Multi-Agent Architecture

AgentLens uses two cooperating agents. The Retrieval Agent runs a ReAct reasoning loop to find documents using vector search and keyword search tools. The Quality Judge evaluates the retrieved chunks, generates an answer, and can send the Retrieval Agent back for another round with targeted feedback. A separate Grader scores each chunk for relevance between the two agents. This feedback loop produces higher-quality answers with fewer hallucinations.

Microservice Architecture

AgentLens runs as 4 FastAPI microservices plus a vector database:

  • Ingestion (port 8001) – document parsing, chunking, and embedding
  • Retrieval (port 8002) – vector search (ChromaDB) and keyword search (BM25)
  • Query (port 8003) – multi-agent orchestrator, ReAct agent, Quality Judge
  • API Gateway (port 8080) – request routing, model listing, config
  • ChromaDB (port 8000) – vector database for document embeddings

Query Classification

Before entering the multi-agent pipeline, every query passes through a heuristic classifier.

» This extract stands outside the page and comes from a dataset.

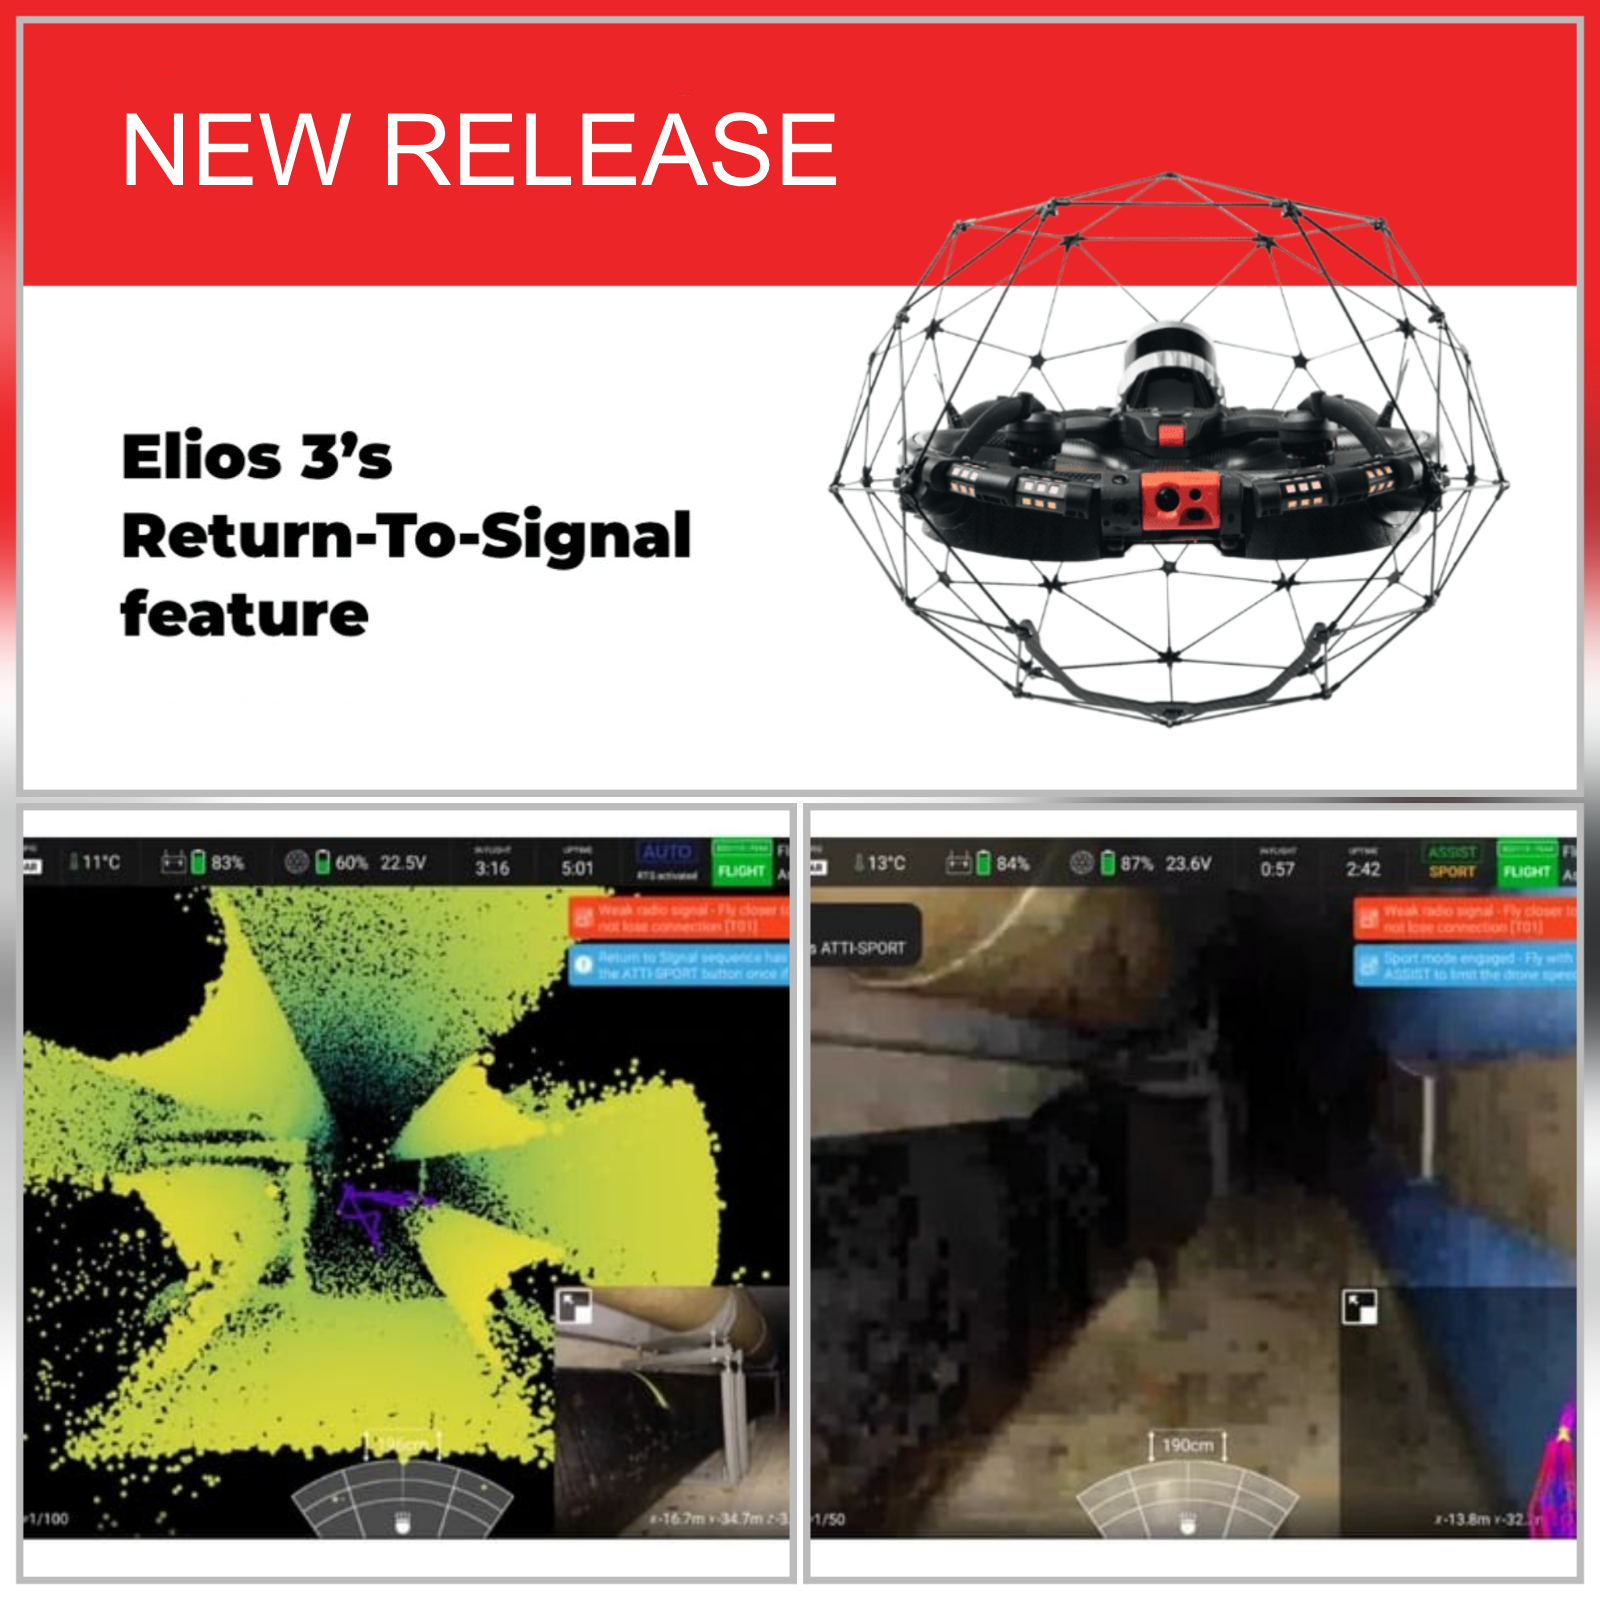 ELIOS 3 Return-To-Signal Feature

Greetings and short non-questions skip retrieval entirely and go straight to a direct LLM call. This avoids unnecessary search overhead for conversational messages.

Pipeline Observability

Every LLM call in the pipeline is captured across six observation layers: Prompt, Thinking, Raw Response, Parsed Output, Execution, and Observation. The Live tab streams the outer three in real time as the pipeline runs. The Trace tab adds the inner three so you can inspect every detail after the query completes.